四个人的目光都落在了舆图上,舆图很粗糙,但是对于他们来说,却足以看明白。
只有不到两千人,而且分成了两部,左良玉和贺虎臣、杨肇基三人都忍不住怦然心动。
“别高兴太早,他们都是骑兵,你们要想和他们野战,正常情况下很容易就会被他们轻易击溃剿灭。”冯紫英给他们浇了一盆冷水。
“那大人的意思是,我们要想和他们一战,须得要另寻他途?”杨肇基年龄最大,为虑胜先虑败,要想挣功出头固然重要,但是若是这一败就身死人灭那却就毫无意义了,这双方战斗力的差距摆在那里,大家心里有数。
“当然,科尔沁人敢南下数百里,自然也有倚仗,……”冯紫英没等三人说话,“叶赫部不愿意和科尔沁人正面交锋,……”
这一句话一出口,就让三人都是黯然失色。
若是没有叶赫部骑兵的配合,这三部步兵和火铳兵根本就无法对来去如风的科尔沁游骑兵造成威胁,人家见势不对立马抽身便逃,你再人多势众也不可能撵得上人家四条腿啊。

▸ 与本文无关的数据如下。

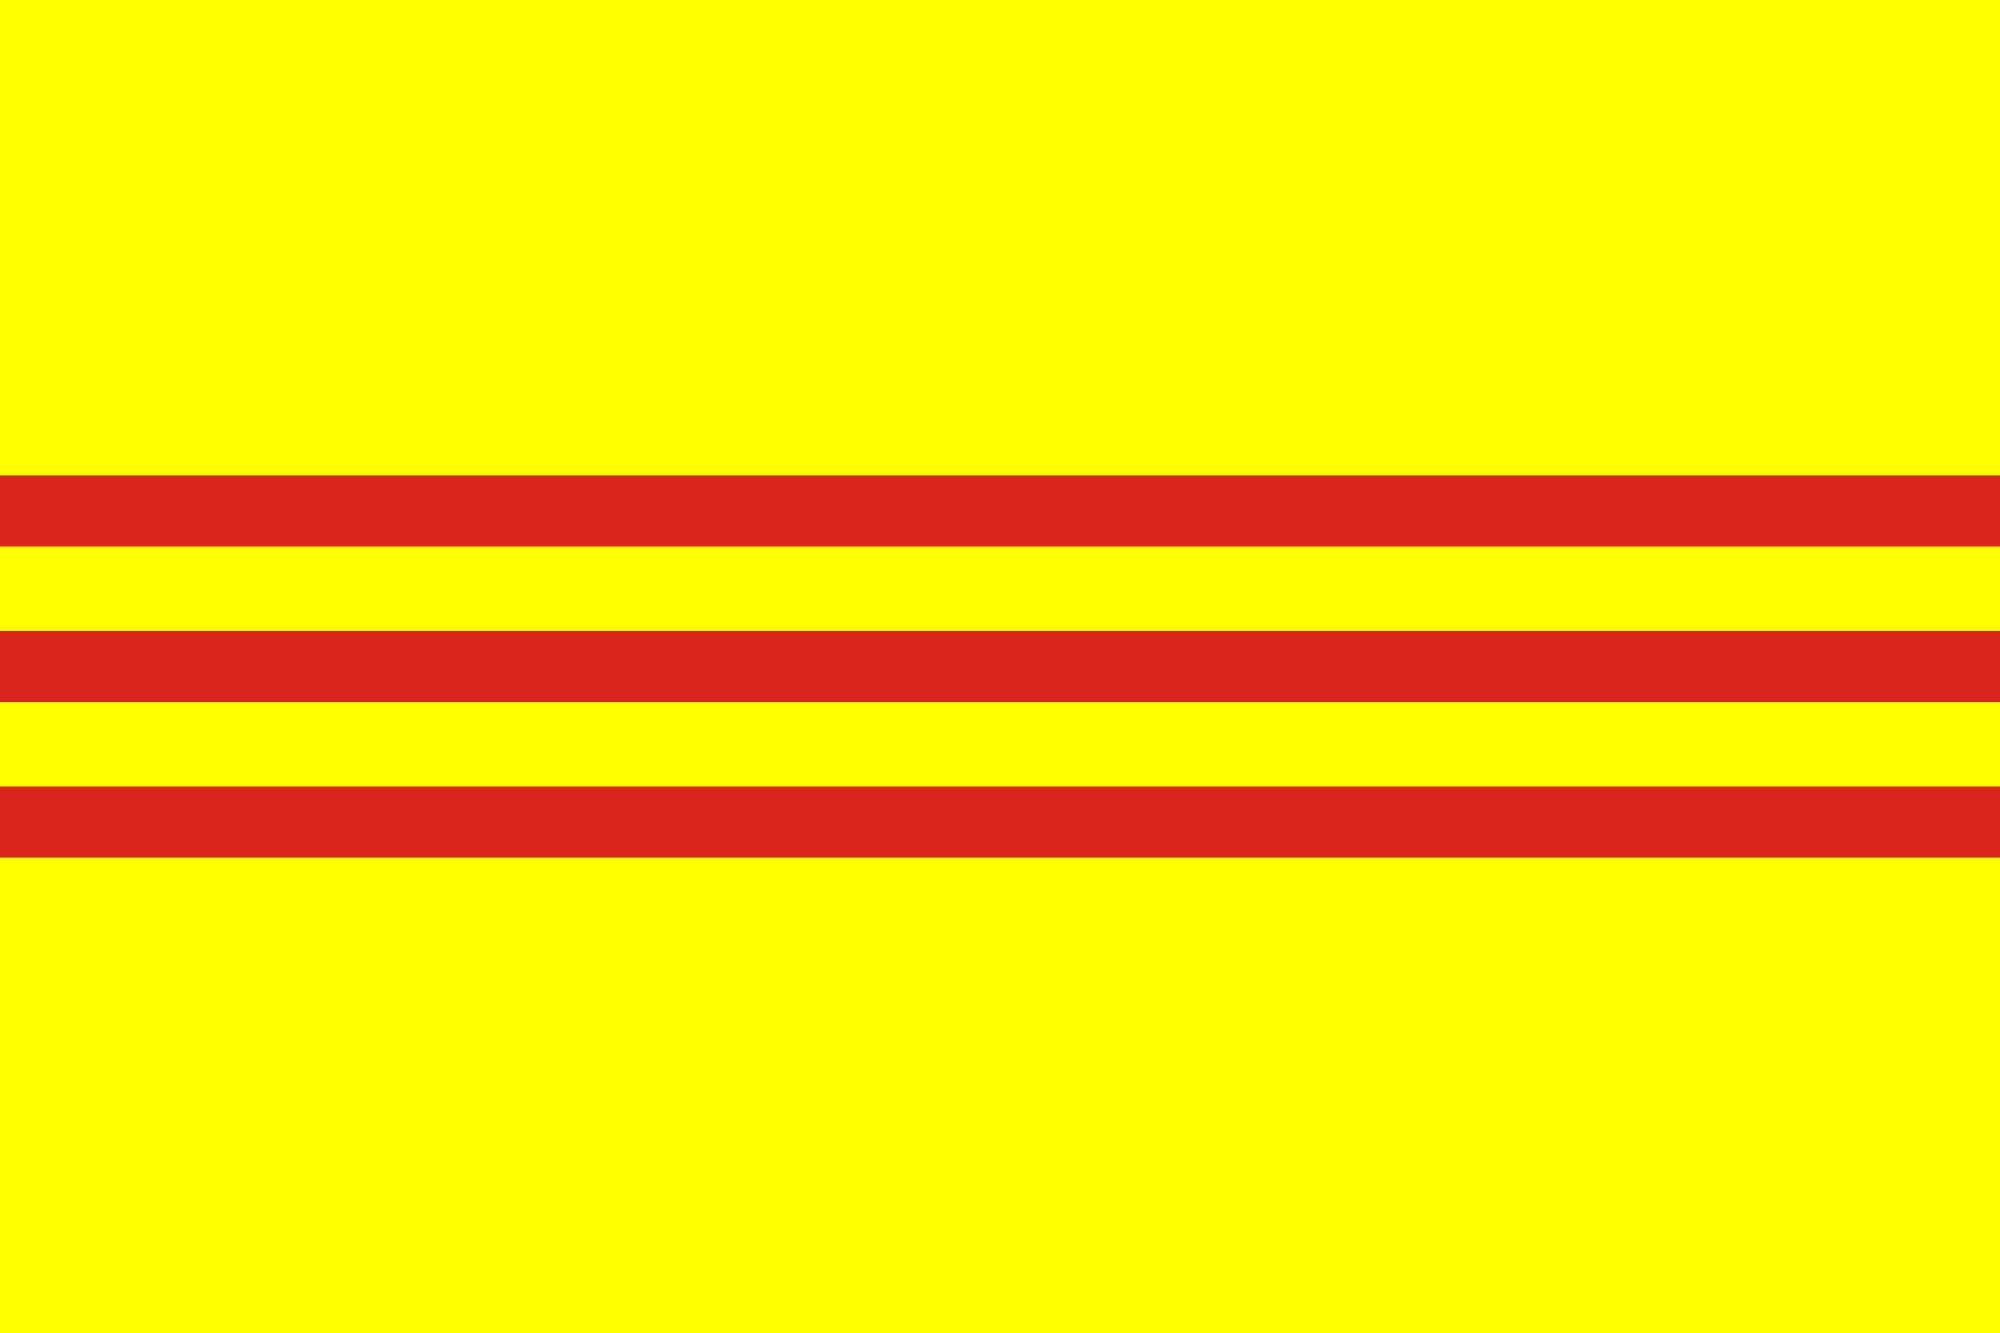 SOUTH VIETNAM FLAG flags vietnamese wallpaper 2000x1333 508520 2000x1333

冯紫英也清楚要想伏击科尔沁人的确有些棘手,他和布喜娅玛拉乃至德尔格勒见过面谈过,对方明确表示现在他们还无法和科尔沁人直接交战,叶赫部和科尔沁人紧邻,如果彻底撕破脸,无疑会让叶赫部现在的处境更糟糕,也会让科尔沁人再无忌讳的对叶赫部下手,一旦科尔沁人和建州女真毫无顾忌的联起手来对付叶赫部,叶赫部的确很危险。
在冯紫英看来这其实是一种掩耳盗铃讳疾忌医的做法。
既然叶赫部已经打定主意要和大周站在一条战线上了,而科尔沁人现在却还肆无忌惮的进攻大周,未来只要科尔沁人要和建州女真结盟,那就是大周和叶赫部的死敌,那么将要不遗余力的消灭对方,现在却还存着某些顾忌或者侥幸而不愿对科尔沁人动手,这显然就有点儿宋襄公的做派了。
“若是没有叶赫骑兵的配合,大人,我们很难和科尔沁人一战。”左良玉径直道。
“叶赫部不愿与科尔沁人正面交锋,那意思是不是可以侧面配合我们作战?”杨肇基想得要远一些。
冯紫英点点头。
如果叶赫部连配合都不愿意,那这一仗就没法打了,除非蓟镇骑兵能来支援,但若是蓟镇骑兵一出动,估计科尔沁人会立即就北返了。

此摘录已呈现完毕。